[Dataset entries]
###

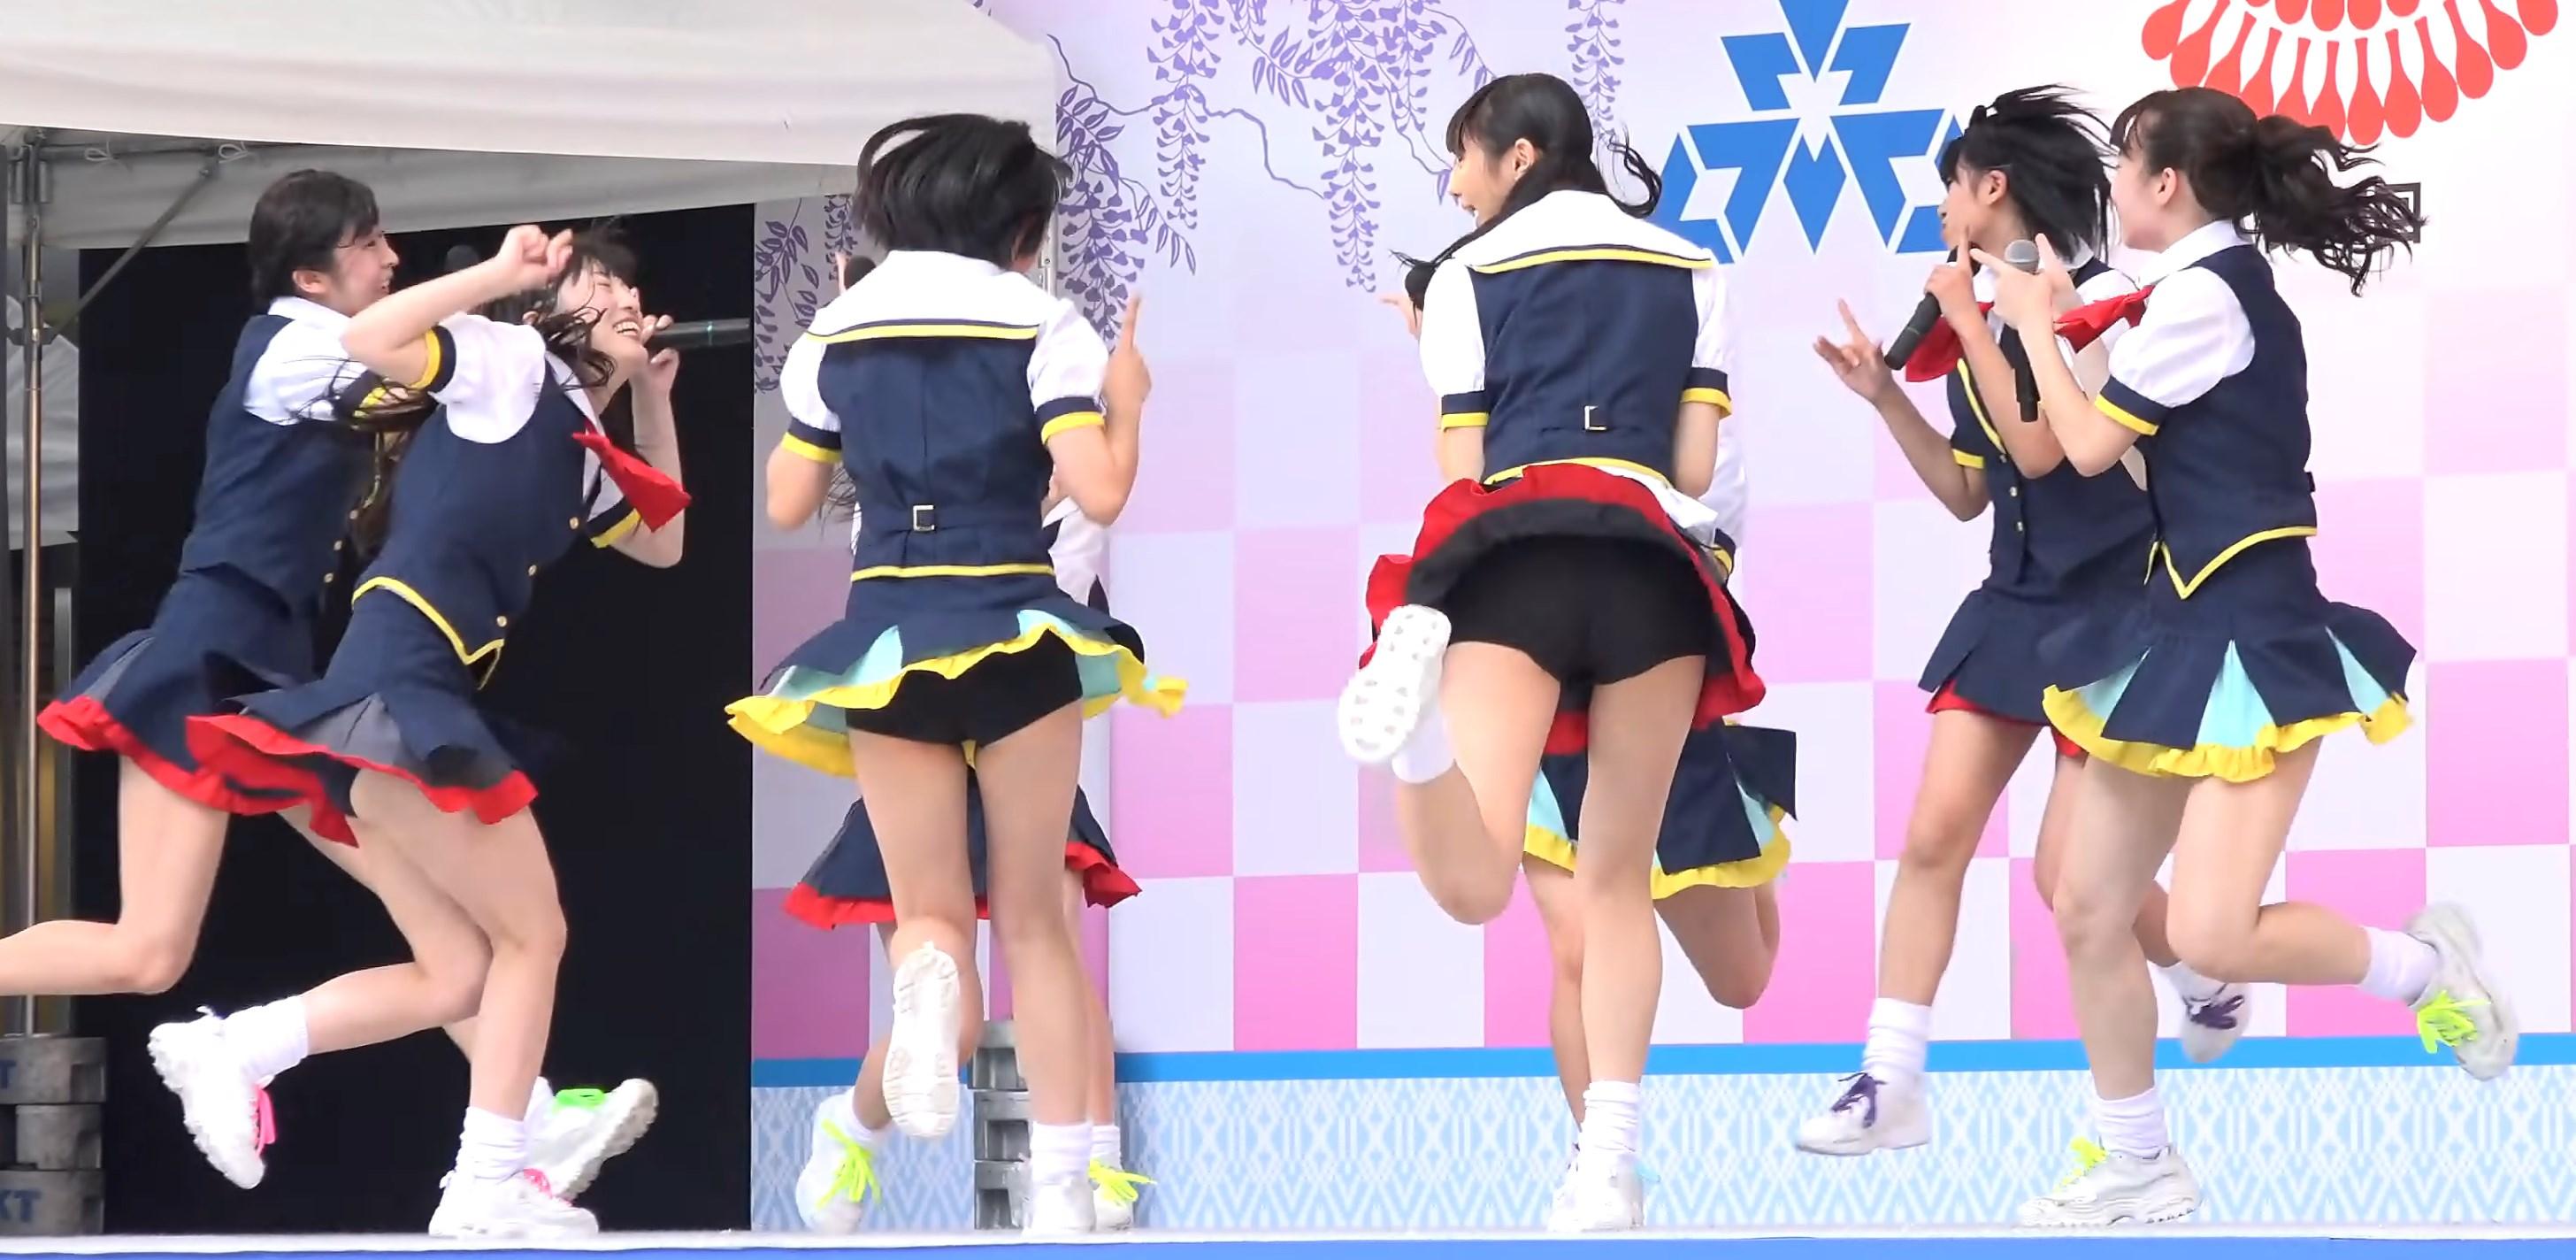 福岡の美少女アイドルグループ「HR」のお宝パンチラ
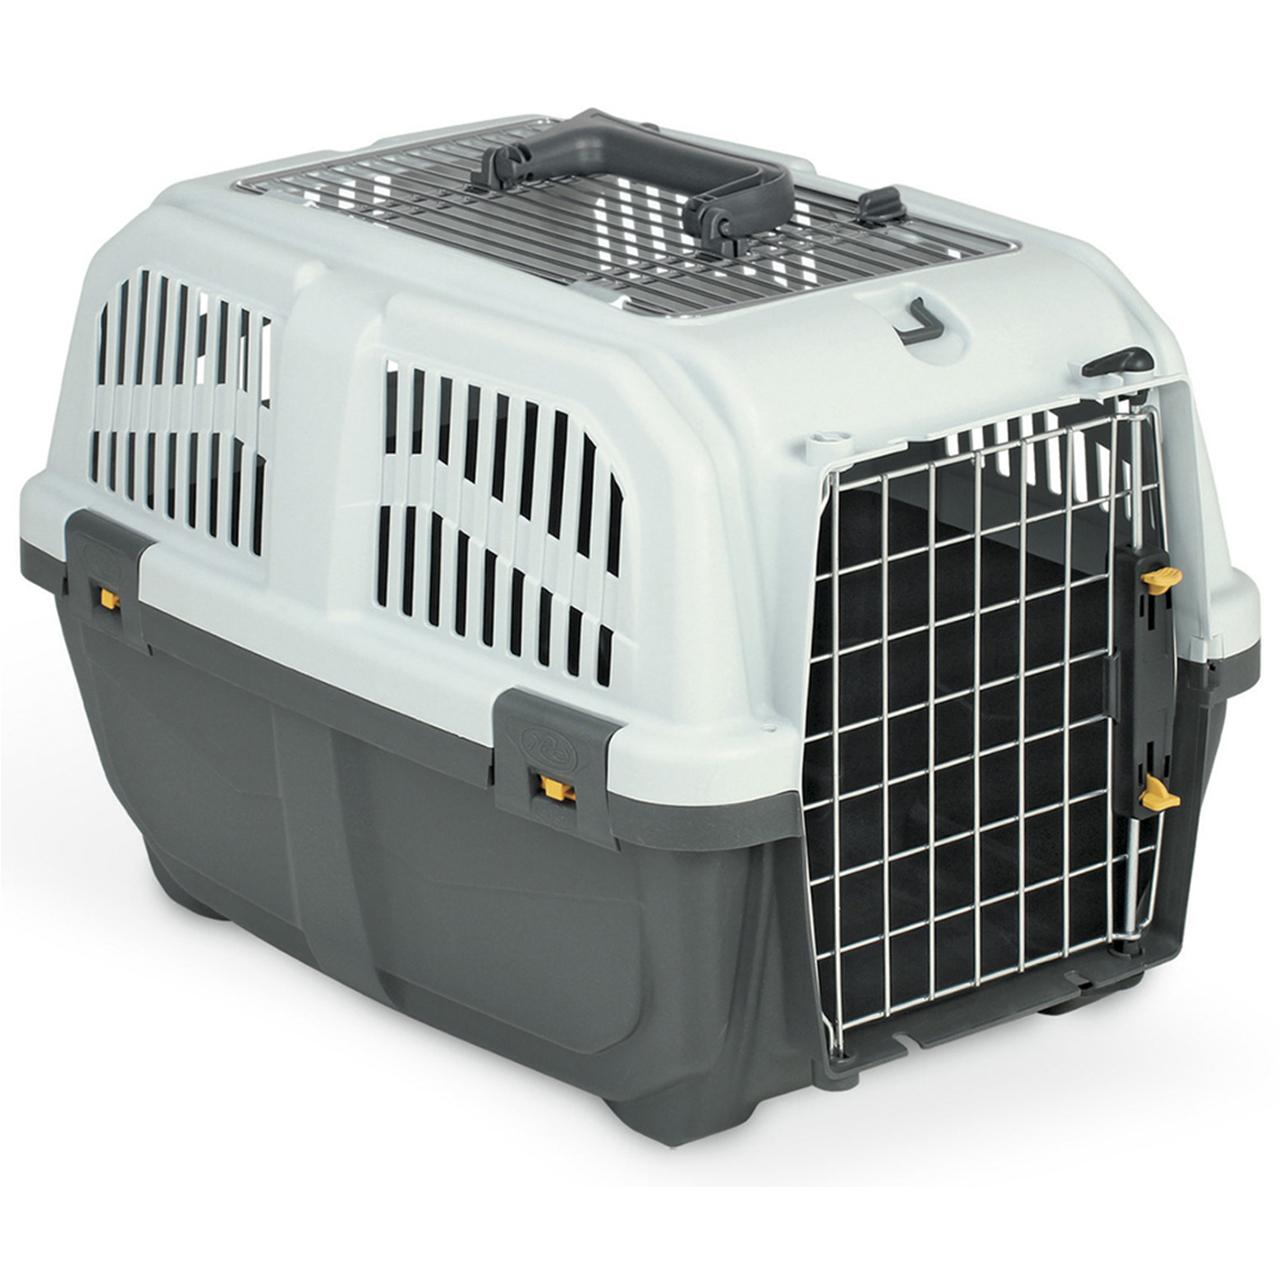 باکس حمل سگ و گربه ام پی اس 2 مدل اسکودو 1 سقف باز یاتا اندازه کوچک
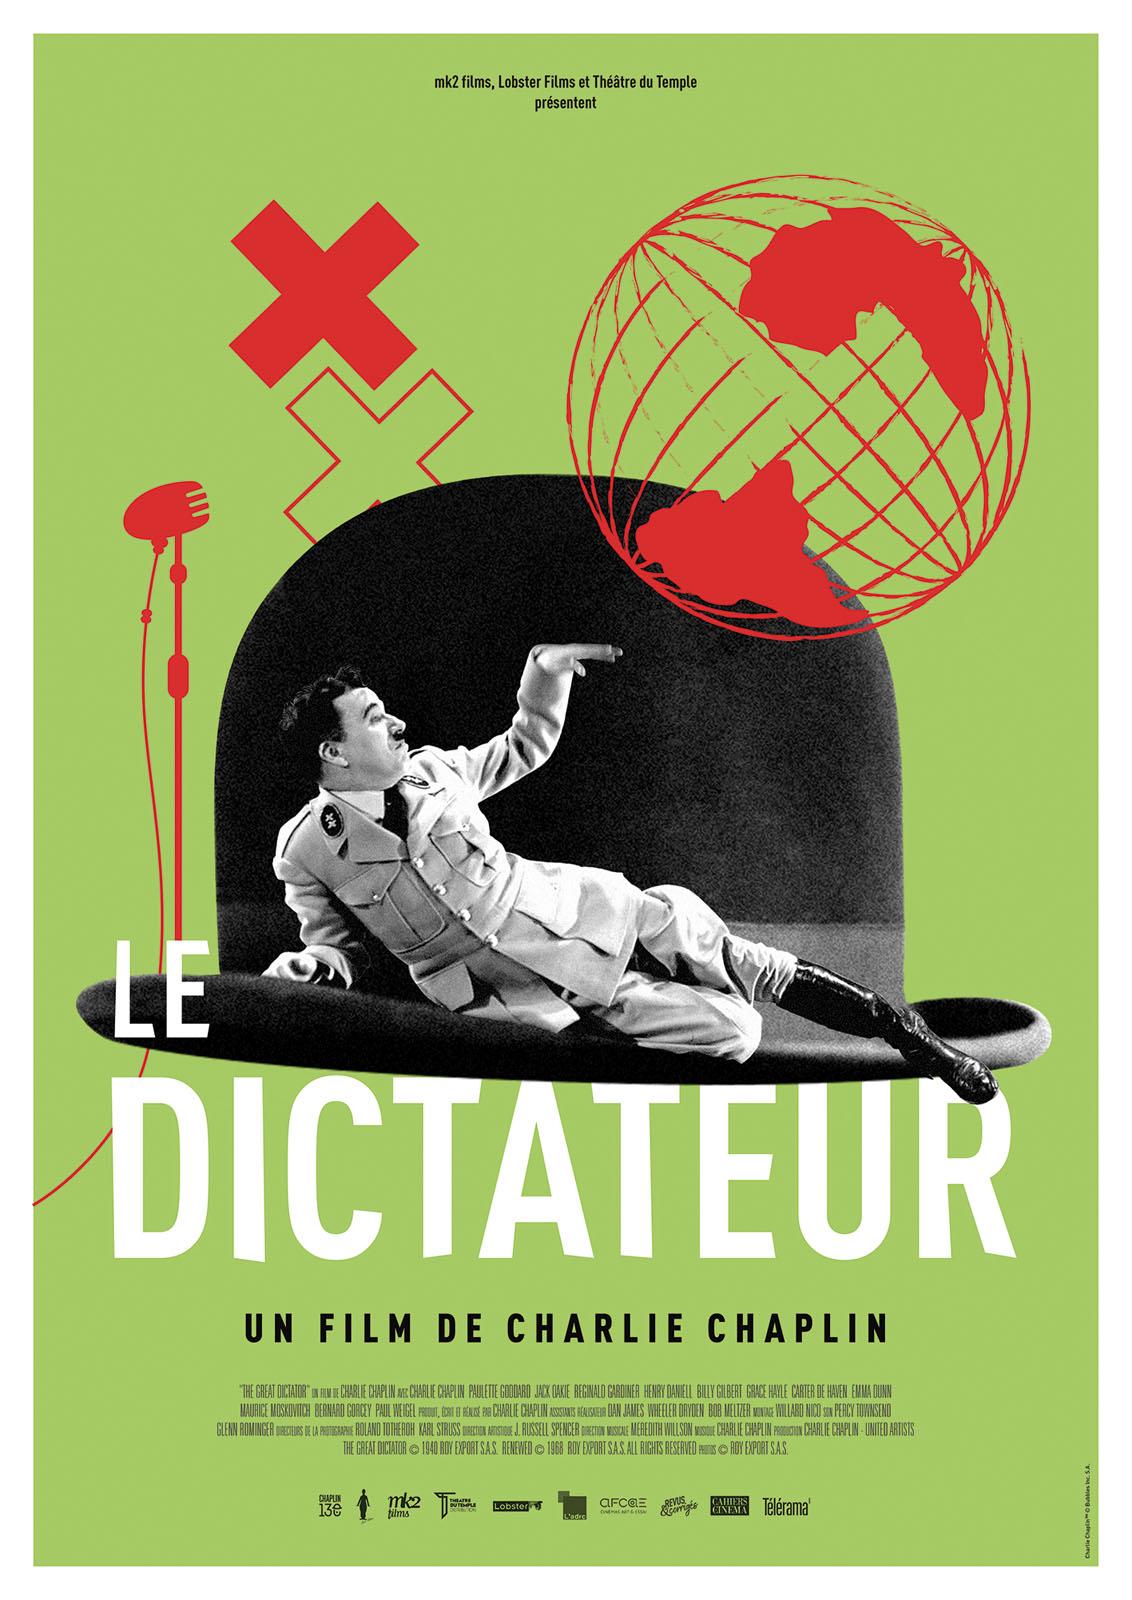 DICTATEUR LE TÉLÉCHARGER CHAPLIN FILM
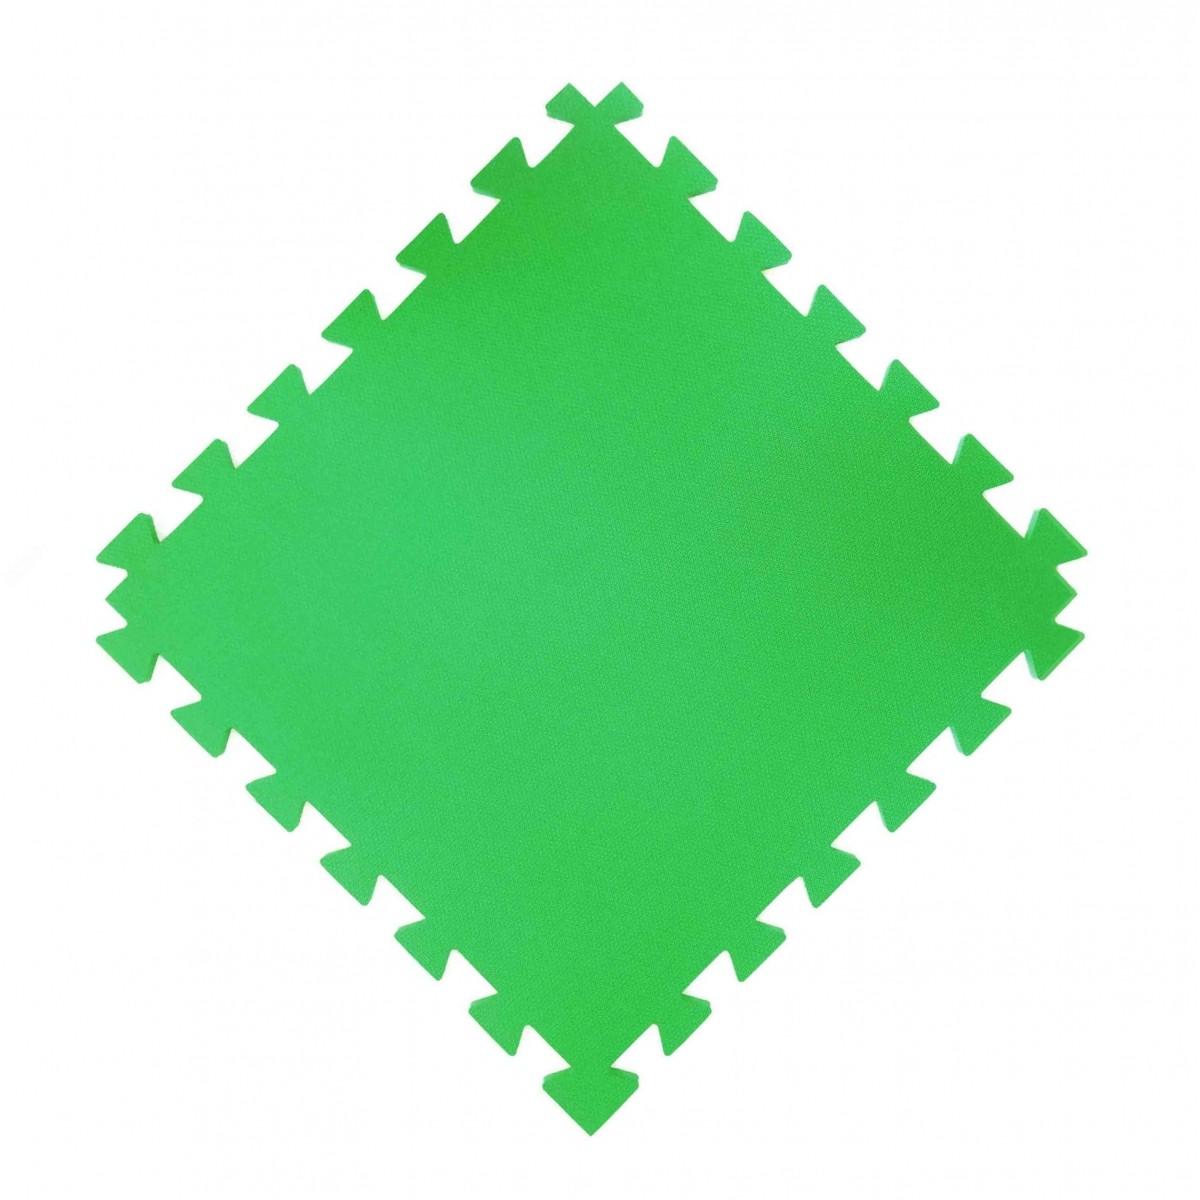 Tatame  100x100cm Com 30mm de Espessura   Verde Claro  -
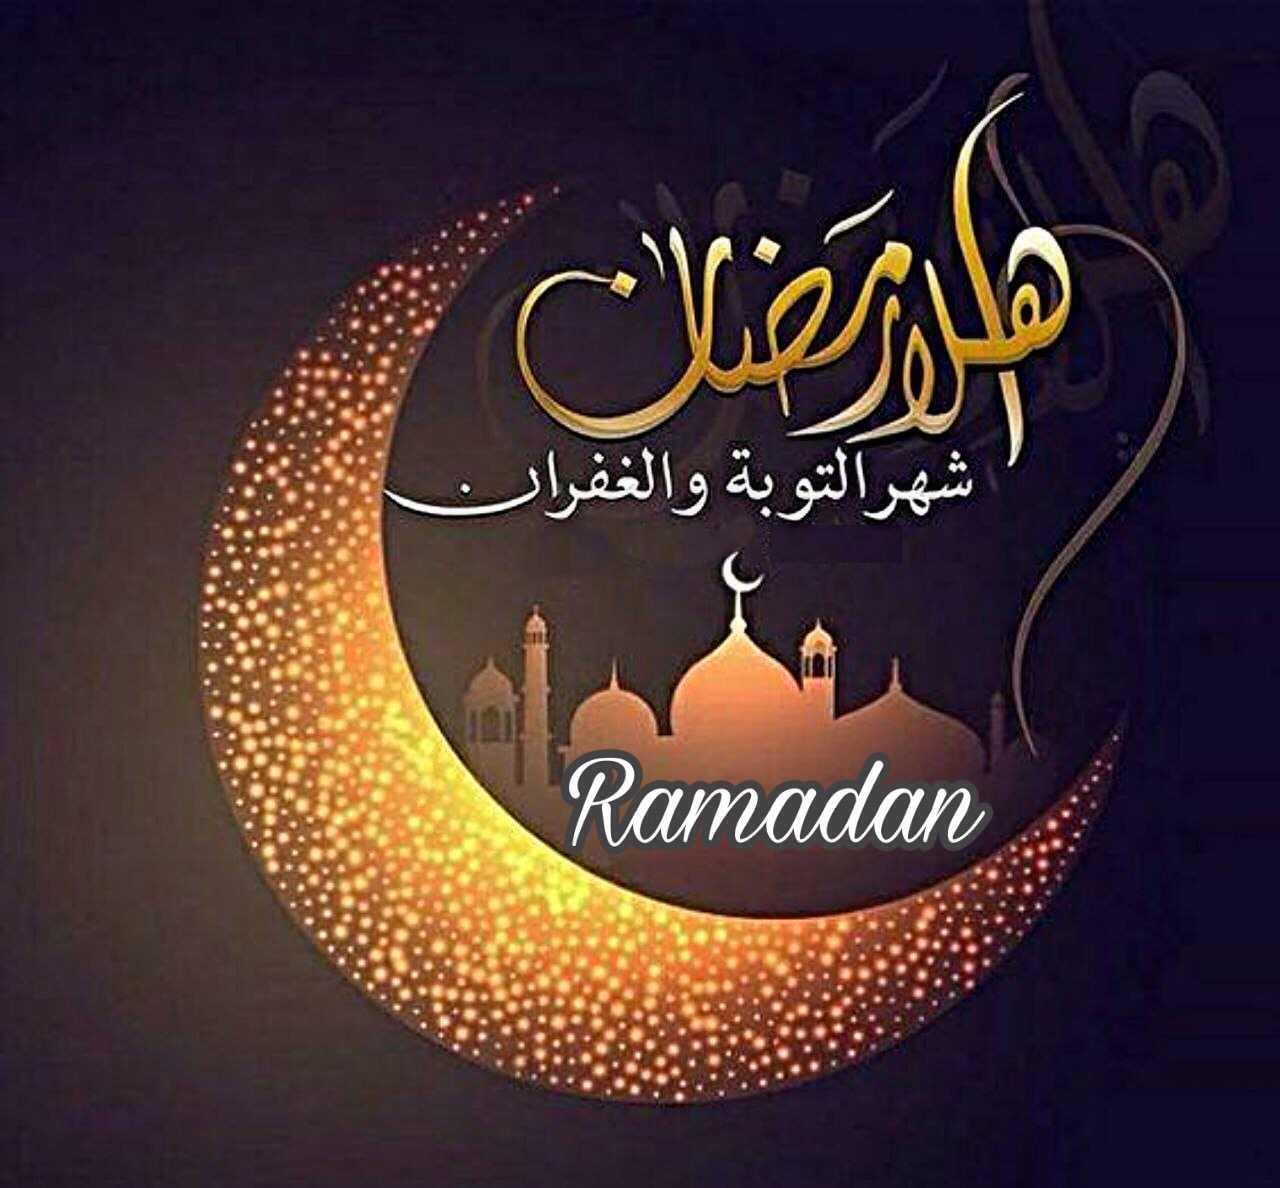 اهلا رمضان شهر التوبة والغفران

###

Could you transcribe every entry exactly, leaving out the pictures?

WRITTEN RESPONSE:
 福岡の美少女アイドルグループ「HR」のお宝パンチラ
 باکس حمل سگ و گربه ام پی اس 2 مدل اسکودو 1 سقف باز یاتا اندازه کوچک
 DICTATEUR LE TÉLÉCHARGER CHAPLIN FILM
 Tatame  100x100cm Com 30mm de Espessura   Verde Claro  -
 اهلا رمضان شهر التوبة والغفران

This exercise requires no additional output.